DATA

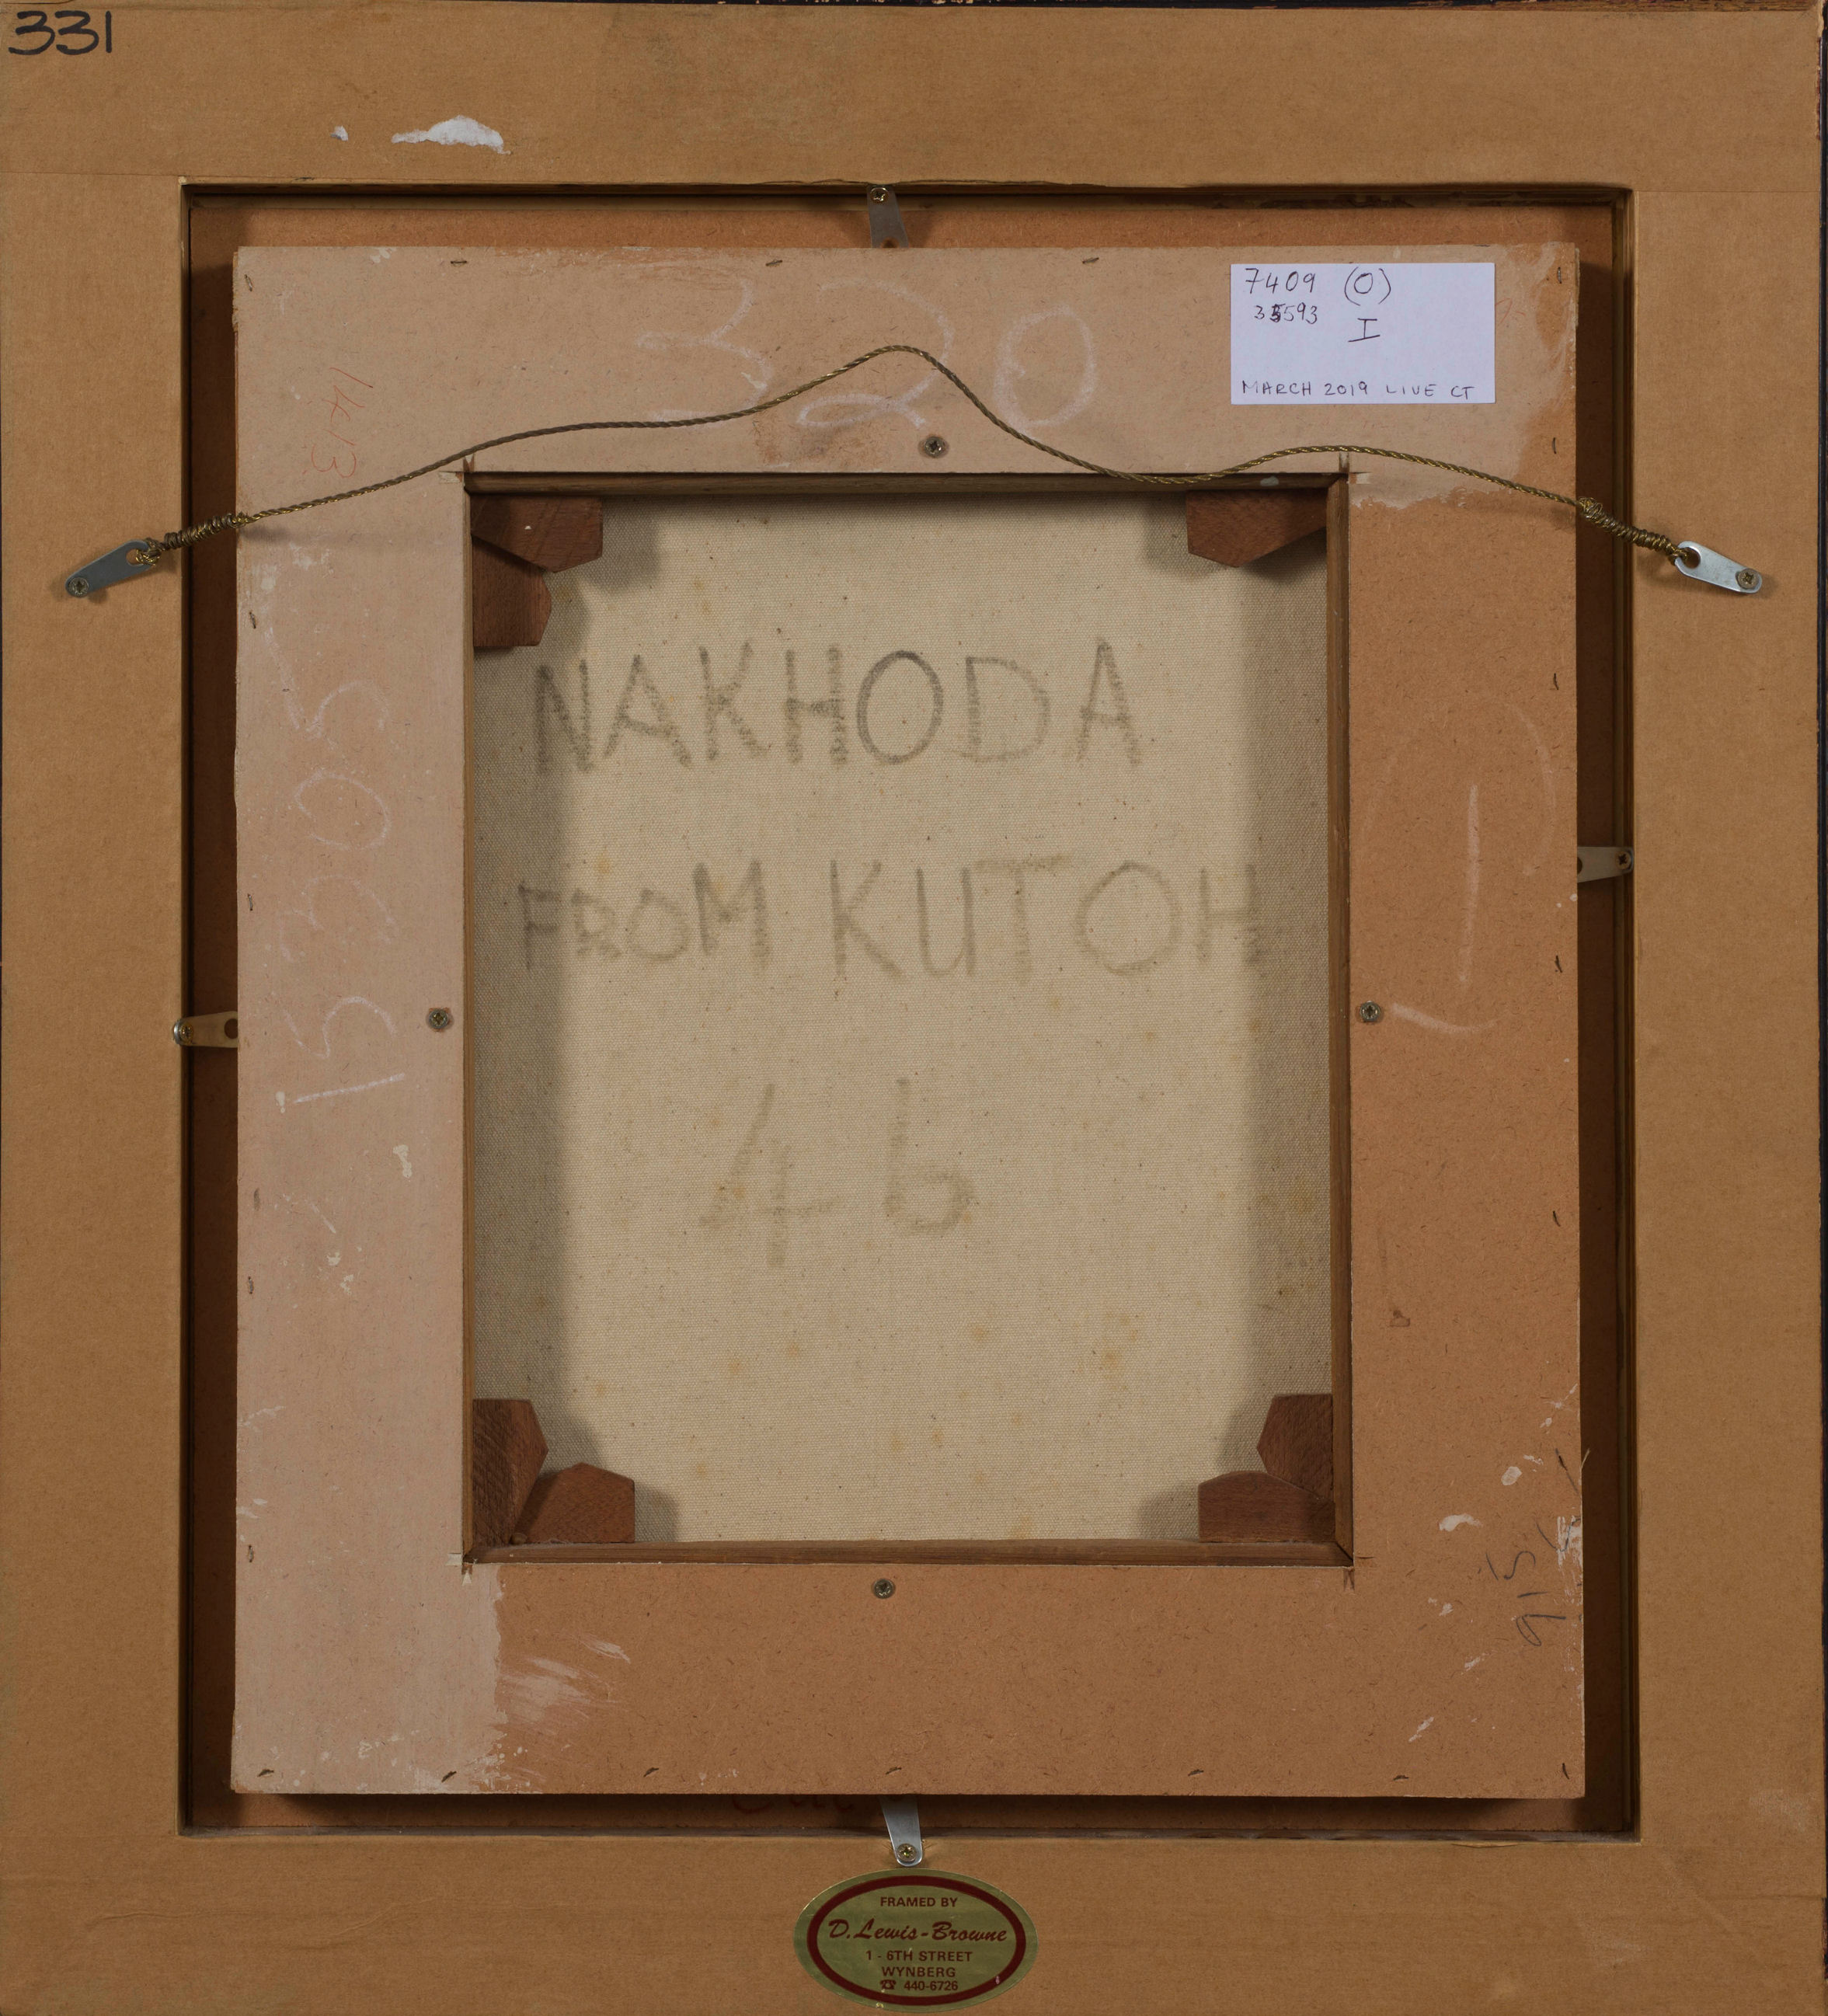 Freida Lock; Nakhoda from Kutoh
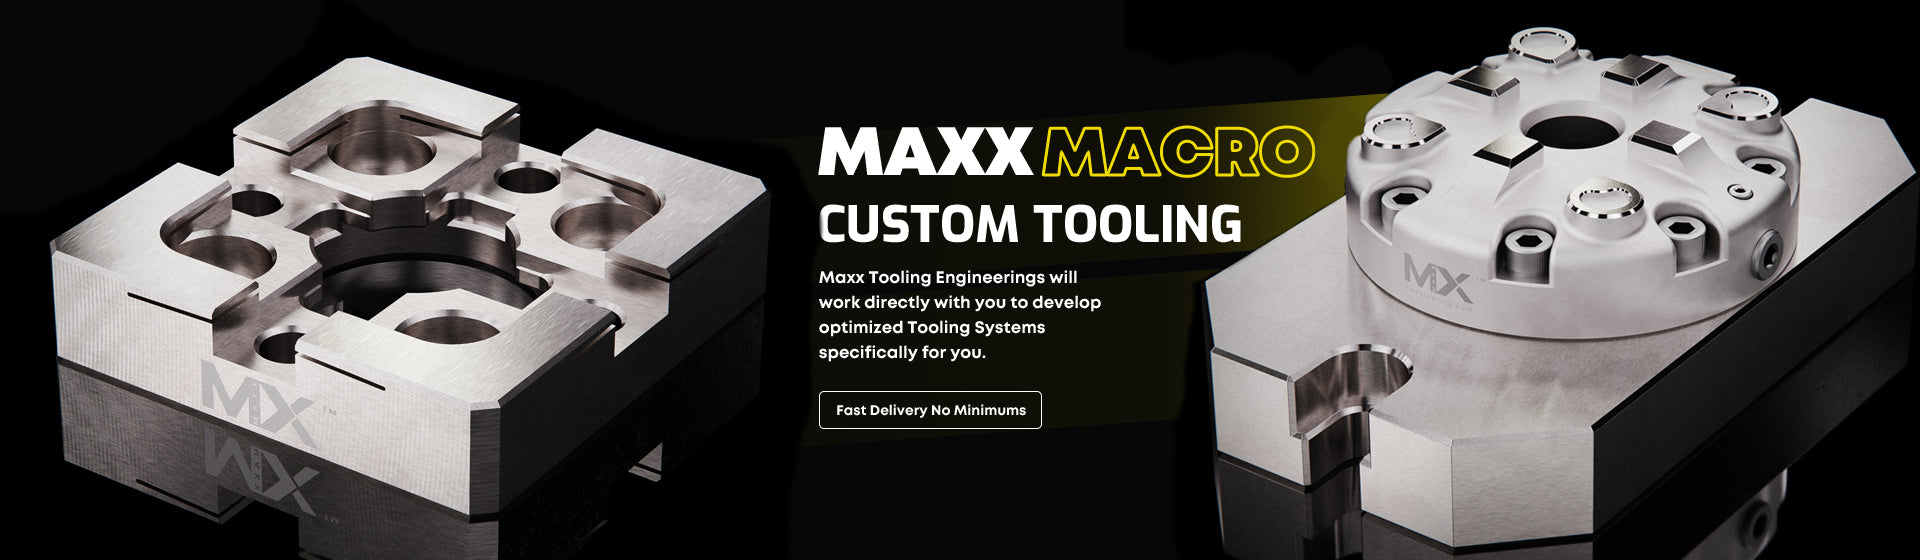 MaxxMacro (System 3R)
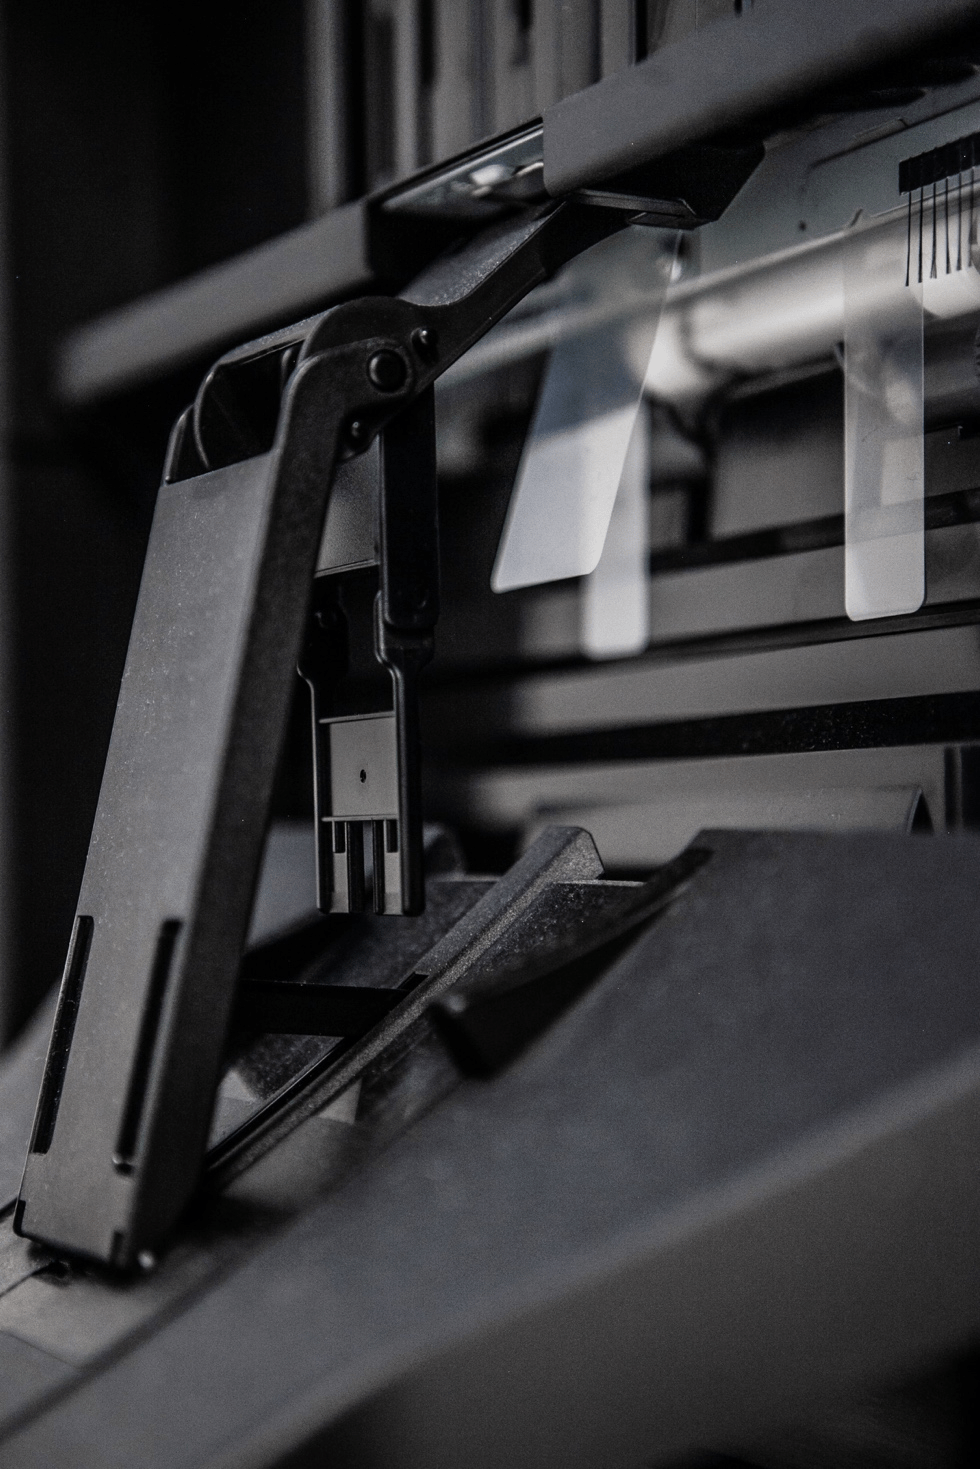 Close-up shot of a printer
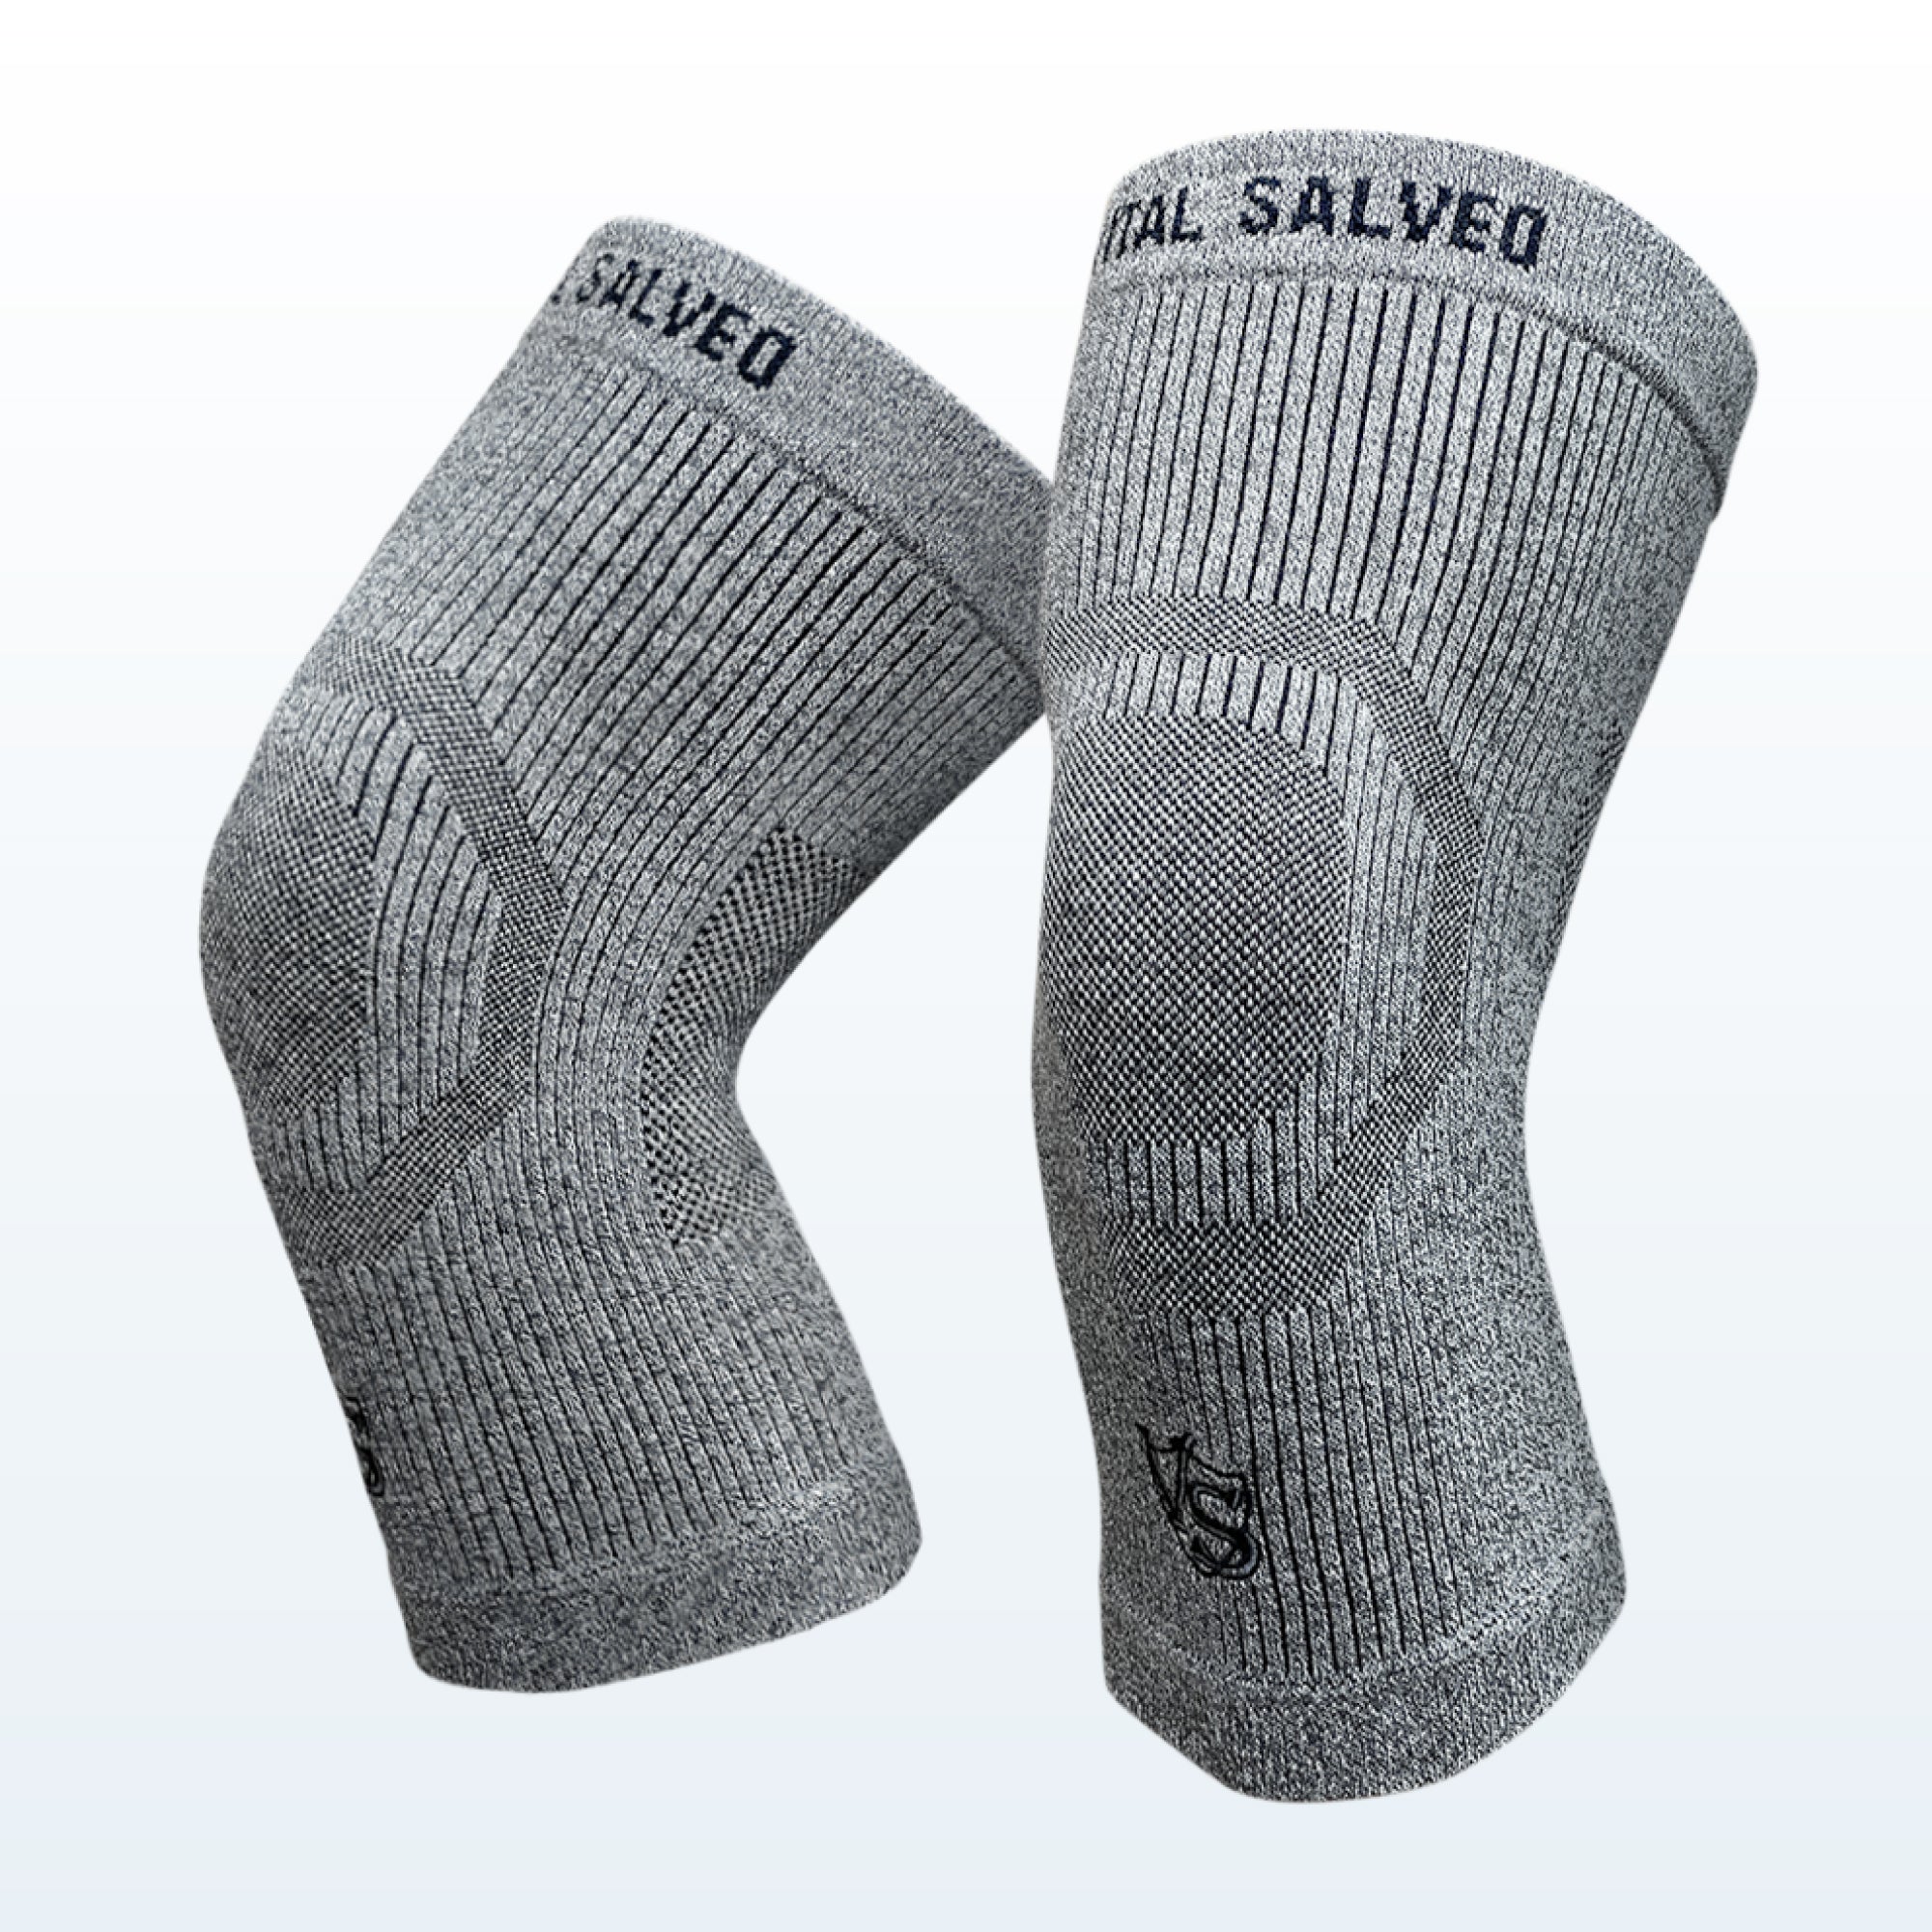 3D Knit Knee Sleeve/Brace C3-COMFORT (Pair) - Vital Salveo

PROBLEM DESCRIPTION
Omit the pictures, then retype the remaining material without a single change.

WRITTEN REPLY
 Freida Lock; Nakhoda from Kutoh
 MaxxMacro (System 3R)
 Close-up shot of a printer
 3D Knit Knee Sleeve/Brace C3-COMFORT (Pair) - Vital Salveo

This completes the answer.